院长性情耿直,经常有一说一,有二说二,与南京那边的许多人关系都不大和睦,跟孔祥熙尤其如此。孔、宋郎舅之间暗斗甚烈,相互诋毁,中间只有宋霭龄能够圆转一二,这些年两人的暗斗反而转到明争,双方各植势力,互不相让,或许这是南方的老蒋最愿意看到的。
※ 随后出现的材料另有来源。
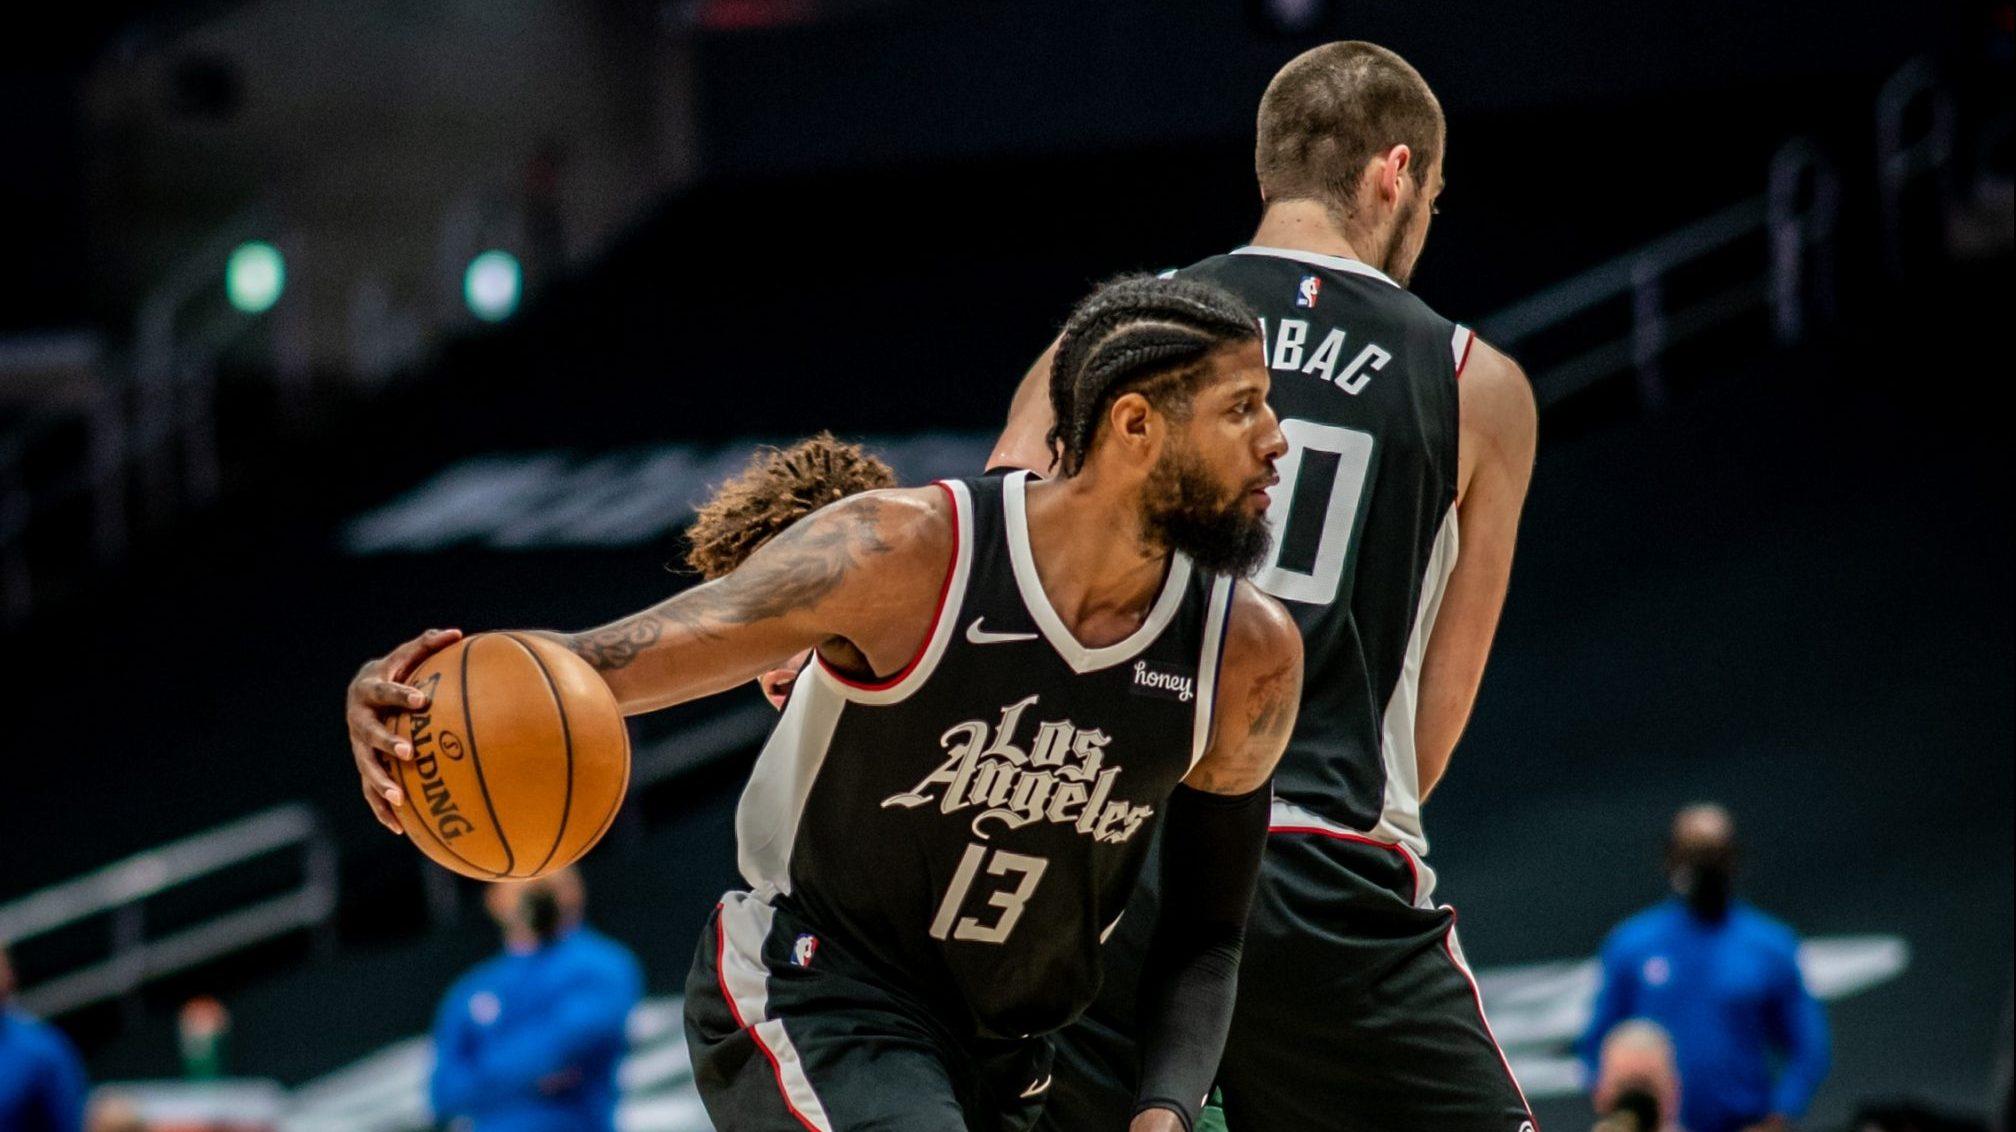 Clippers vs. Mavericks Game 2 Preview: Regaining Control

”
“这么说,焕然的这步棋走对了”张廷枢若有所思的说道。
“话不能这么说,”王以哲摇了摇头,说道:“从今以后,范杰插手进了这郎舅之争,想要轻易抽身而退,怕是没有那么容易了,你不要忘了,宋子文可是现今的行政院长兼财政部长啊,他的后台又是美国人,范杰以后的日子难过了”
这里透露一句,即使是王以哲也不可能知道紧紧是在半年之后,就辞去了所兼各职,直到二战结束之前,在重新就任行政院长,但是那个时候的范杰已经不是宋子文能够轻易动的了。
“好了,蔚久,范杰说的事情,我会尽快通知黎主任的,让他出面找范杰商谈,你那边也不要放下,辅帅和菜园先生的关系一向不错,适当的时候,可以让辅帅找菜园先生敲敲边鼓”王以哲最后交代道。
“知道了,军座,你放心”张廷枢说着站了起来,将王以哲送出了包厢。回到包厢里面,张廷枢一个人神不守舍的拨弄着桌子上的菜肴。今天范杰确实点出了许多张廷枢以往没有注意到的问题,看样子以后对军中将领要多加注意了,他并不知道就是这个念头在未来救了他一命。